(Beginning of Entries supplied)

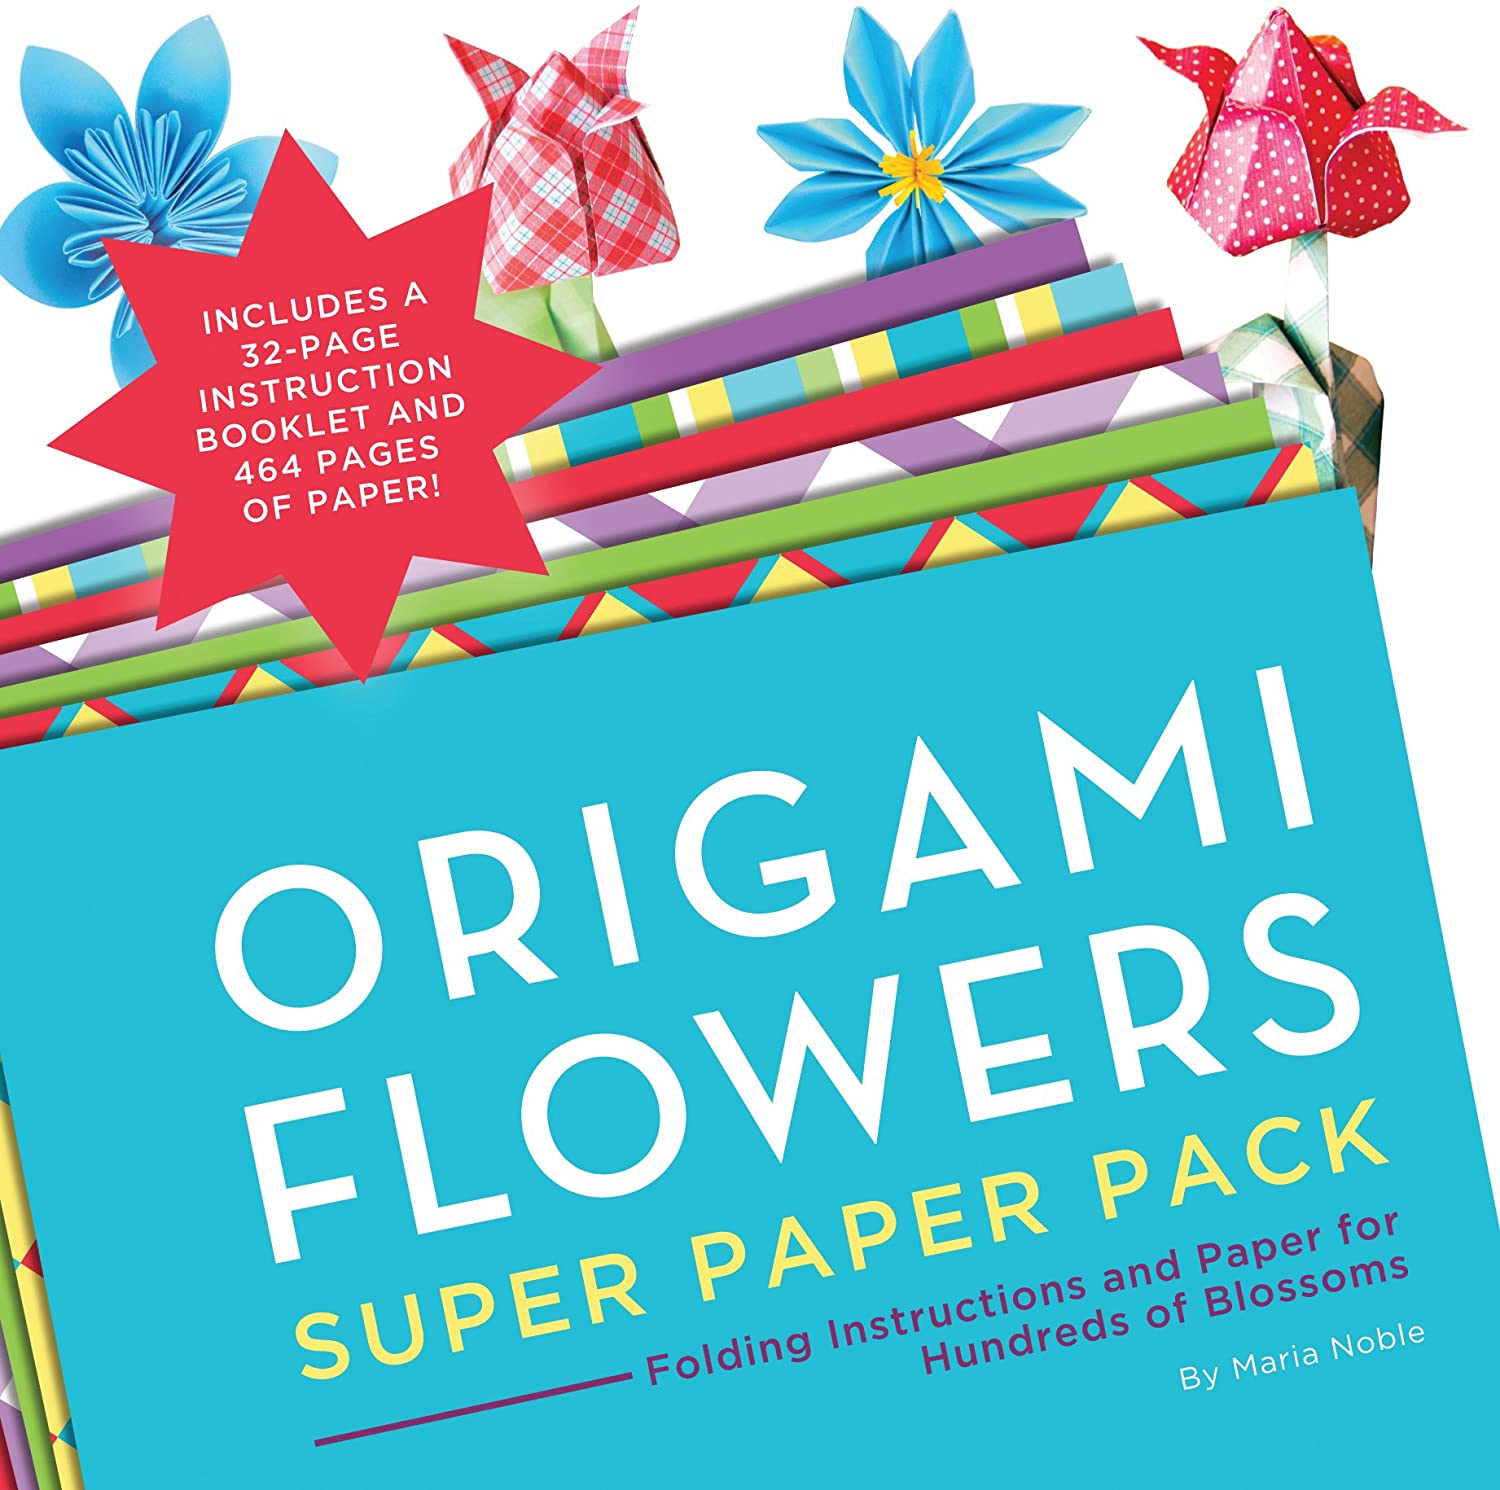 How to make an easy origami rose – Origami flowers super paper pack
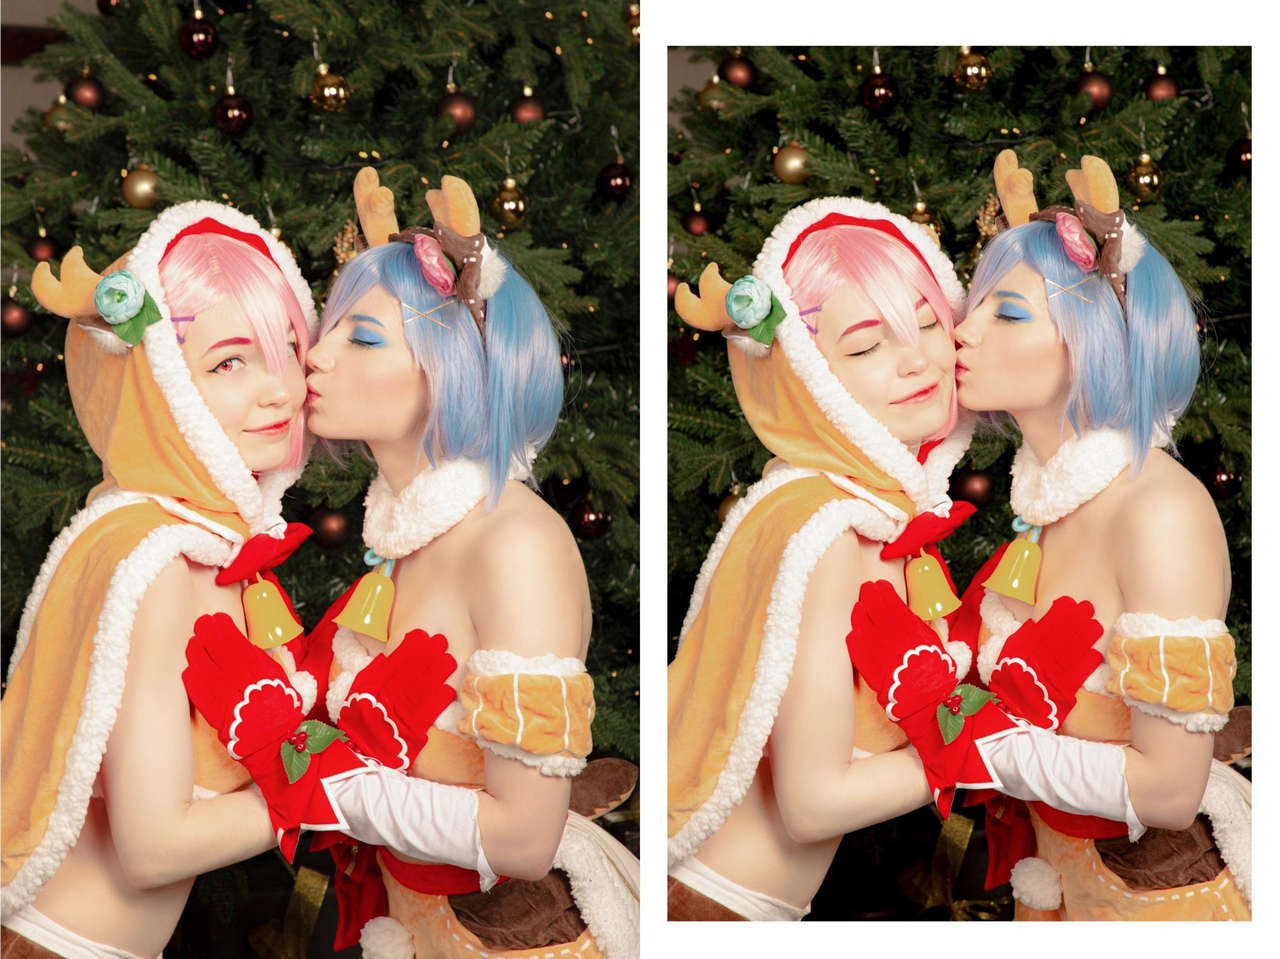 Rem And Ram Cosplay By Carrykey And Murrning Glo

(End of Entries supplied)
(Beginning of Entries supplied)

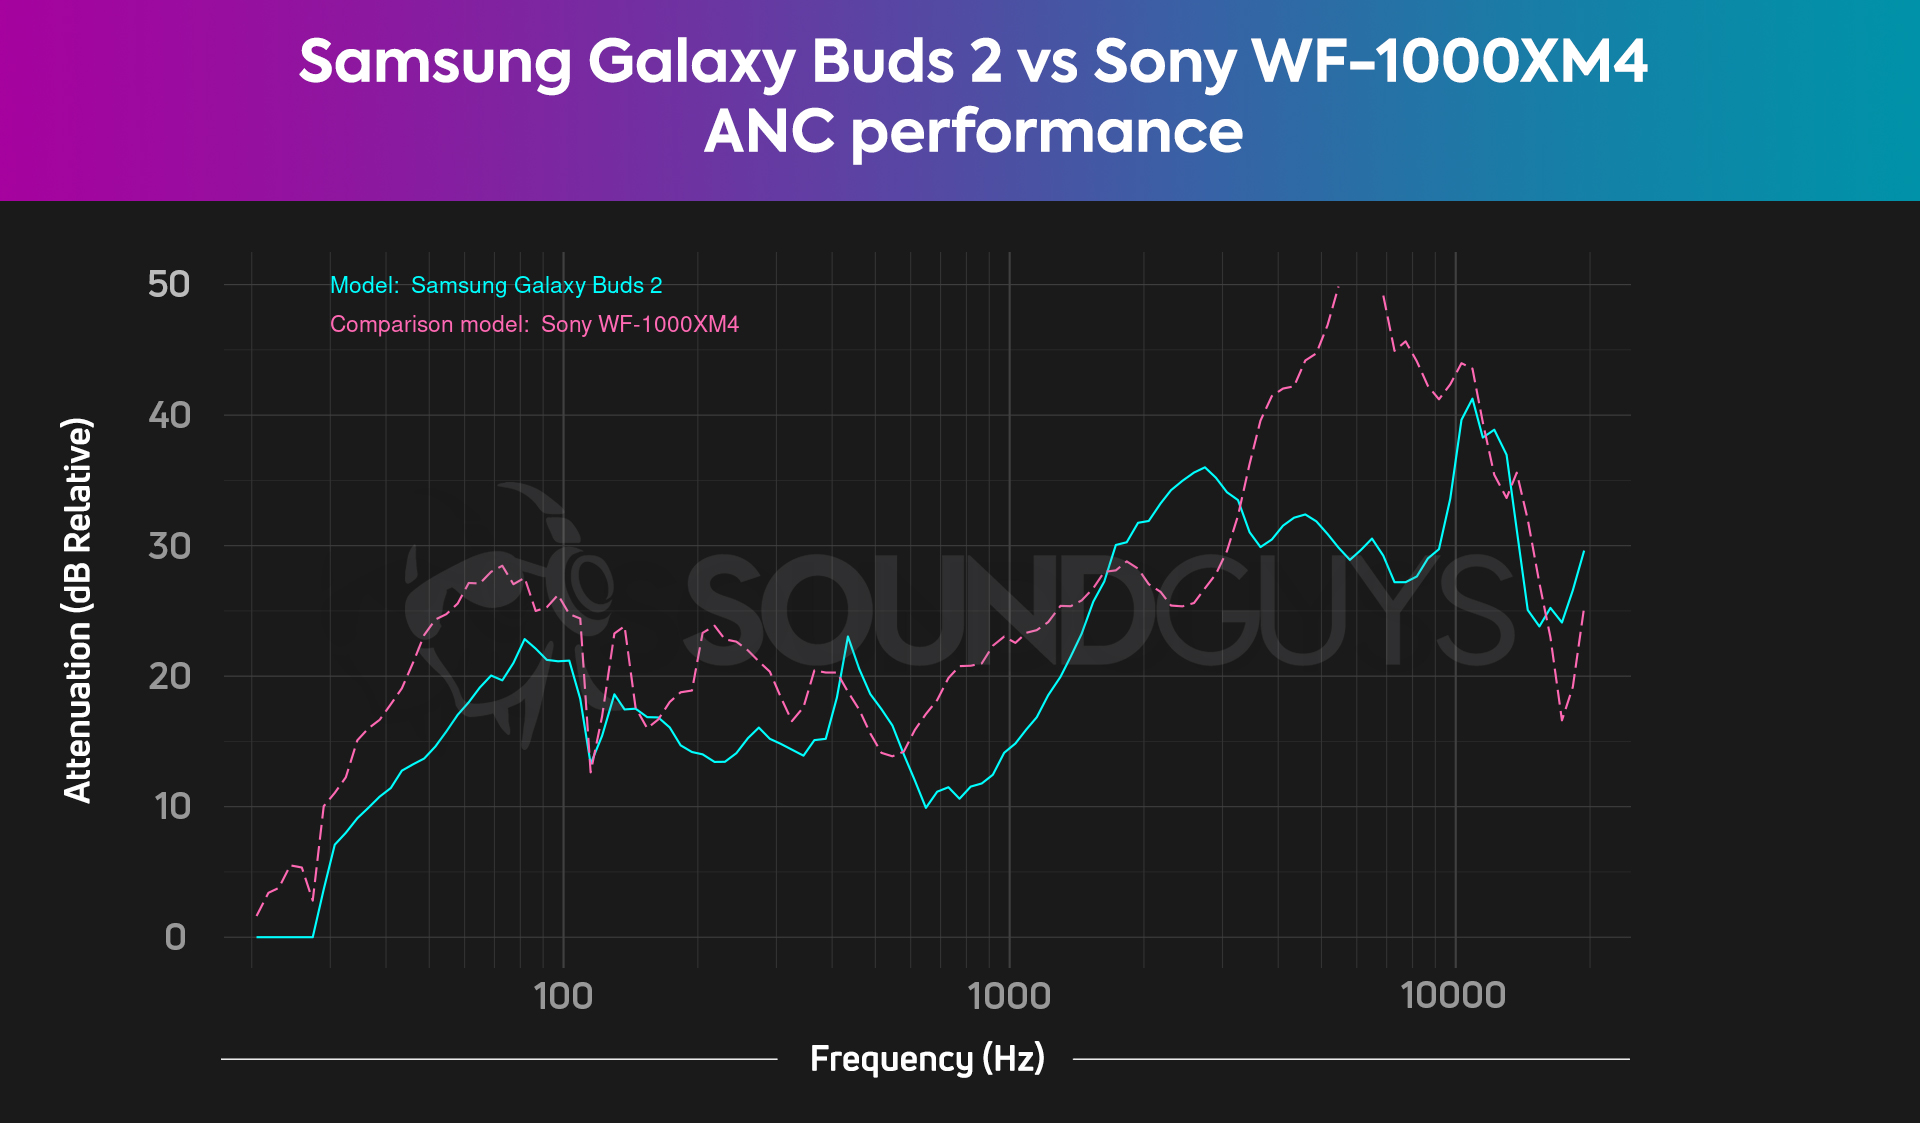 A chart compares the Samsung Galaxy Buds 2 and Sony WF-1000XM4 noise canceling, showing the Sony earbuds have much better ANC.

(End of Entries supplied)

Exactly reproduce the lines above, starting at the one that contains "How to make" and ending at the one that contains "Rem And Ram", both inclusive; leave the pictures out and add no other lines.

- [Response for this exercise]
 How to make an easy origami rose – Origami flowers super paper pack
 Rem And Ram Cosplay By Carrykey And Murrning Glo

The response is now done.